4.) On average blue people may be smarter than red people, but this is only because n% of red people are also circles, but there is no way for a color-person to observe geometric shapes. So they instead have to rely on color, which is correlated with geometric shapes.

5.) Different groups of people slowly build shared algorithms (sometimes called culture), which promote education. These algorithms can be incredibly potent at creating efficient and intelligent humans. If another group of people have not yet created this algorithm, or had their progress wiped out by being conquered or enslaved, it may be difficult to infer if whether or not their lack of performance is due to genetic information, or the cultural algorithm they are lacking.

6.) It is also possible that the ability for a society to create a cultural algorithm that promotes intelligence is tied to the intelligence of the society itself. Or, worse, perhaps it is created over centuries by the absolute smartest humans created by this society. These humans may only receive the platform to shape the algorithm if placed within a society that is receptive to their ideas. This iterative process could itself be sensitive to the average base ability. Meaning the ability to self-optimize a culture algorithm to promote intelligence could be radically tied to the distribution of base ability of the society itself.
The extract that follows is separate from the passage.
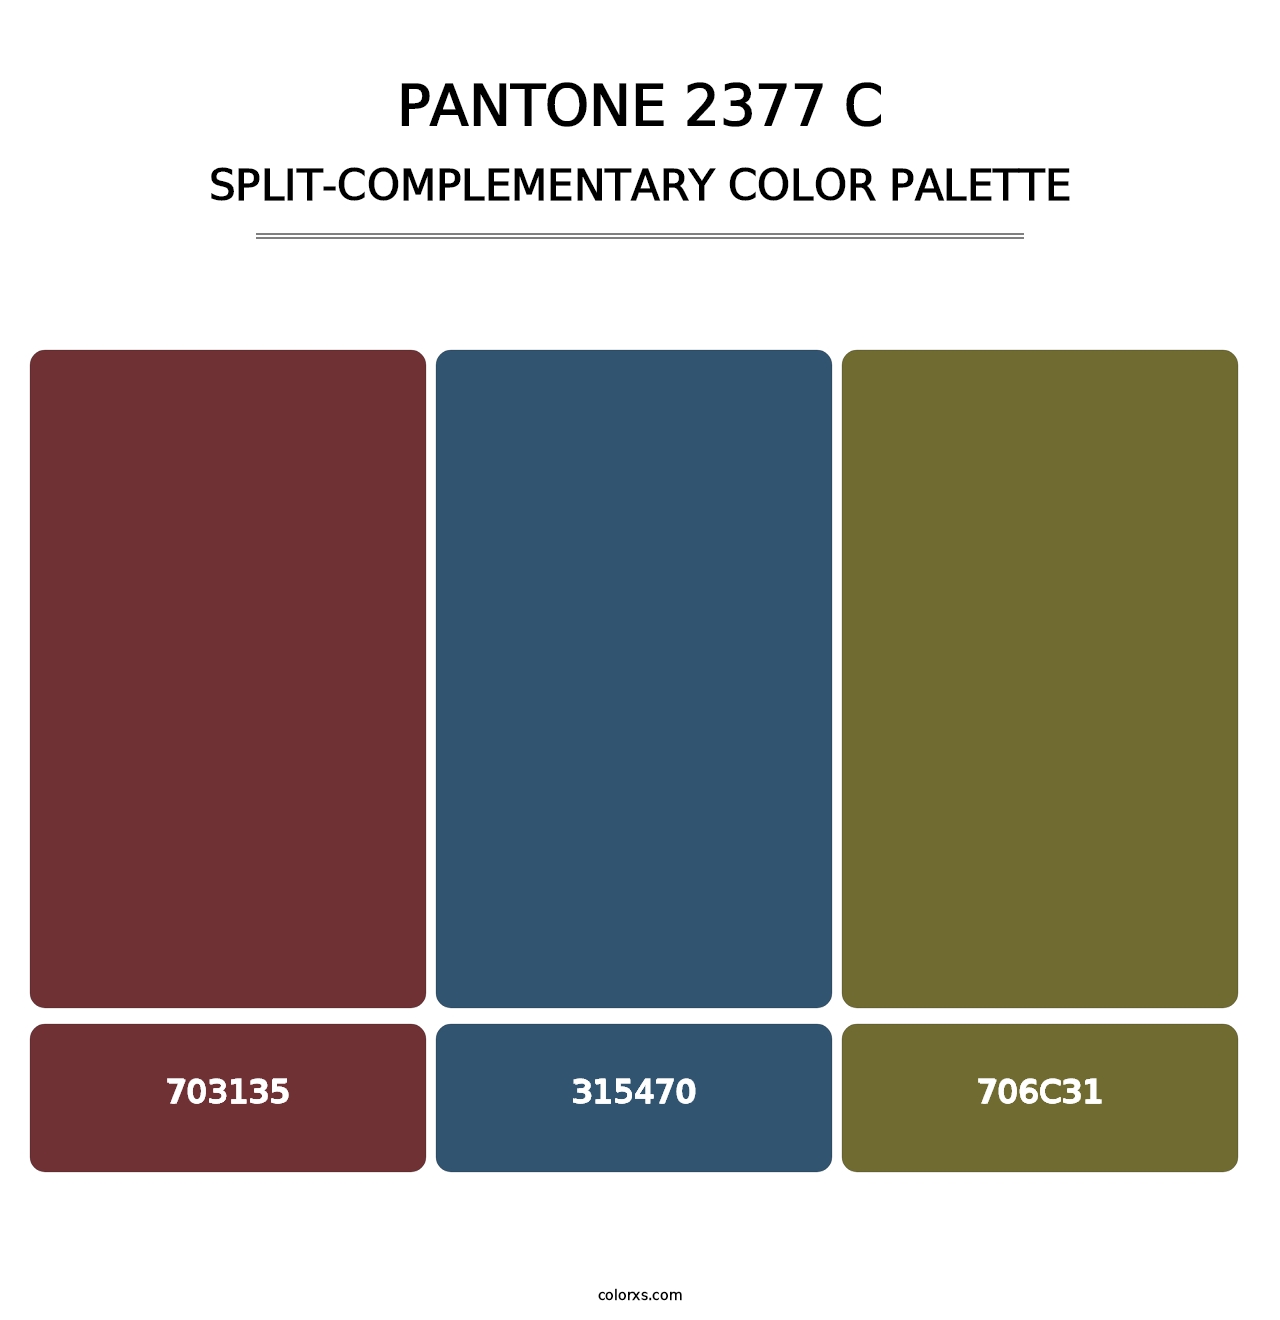 PANTONE 2377 C - Split-Complementary Color Palette

7.) Selective mating patterns within a homogenous group of people may lead to rapid improvement of certain traits or intelliectual abilities, as we observe in Ashkenazi Jews. These selective mating patterns could be driven by a cultural shift, or an exogenous force (Christians being forbidden from money-lending).

8.) Mating between groups can persist, and create new local areas of genetic variation in high-dimensional genetic space.

So how can we understand whiteness then? My guess is that it’s an interaction between genetic fidelity, the partial-information of human classifier systems, and historical accident. Obviously there is some genetic information that is, on average, different between white people and colored people. In fact, this is true by definition. The question then is are there any other consistent traits correlated with these skin tones? Except over time who is considered white, and who is considered colored is allowed to vary, but it is only allowed to vary within a certain structure. This structure is determined by how human classifiers separate out other humans based on inferred genetic information. The way we classify other humans based on their genetic information is itself a function of what categorizations are useful for social interaction. What is useful social interaction is often a function of how our evolutionary tribal systems have been optimized.

If all humans had perfect genetic information of one another, there wouldn’t be a need to make probabilistic inferences based on the set of partial information the human eye is capable of noticing. Instead we could exercise a much more efficient and well-structured racism. In fact, it wouldn’t even be racism, it would be individualism. If you knew all the genetic information of another human, and how those all mapped to outcomes and expected actions, you might avoid sociopaths in a way you are currently unable to detect. But so long as we need to use our eyes to make partial information judgement, and so long as this partial information judgement is correlated with information that is predictive, I don’t see how some form of racist thought can ever be purged.

Although we can make shared agreements to purposefully ignore this partial information. This is the danger with partial information, which societal philosophies based on individualism attempt to circumvent. Whether we like it or not, our race conveys information to those around us. Any individual would optimize their own actions be incorporating more information rather than less, yet this can lead to suboptimal outcomes at the societal level due to the potential for lower trust and social cohesion. But if we choose to do this, the intellectually honest way is to admit that race conveys information, and then ask that we ignore it. The intellectually dishonest way is to claim that there is zero probabilistic information that can possibly be gained by observing another humans race, and anything that people claim that they notice is hateful and racist.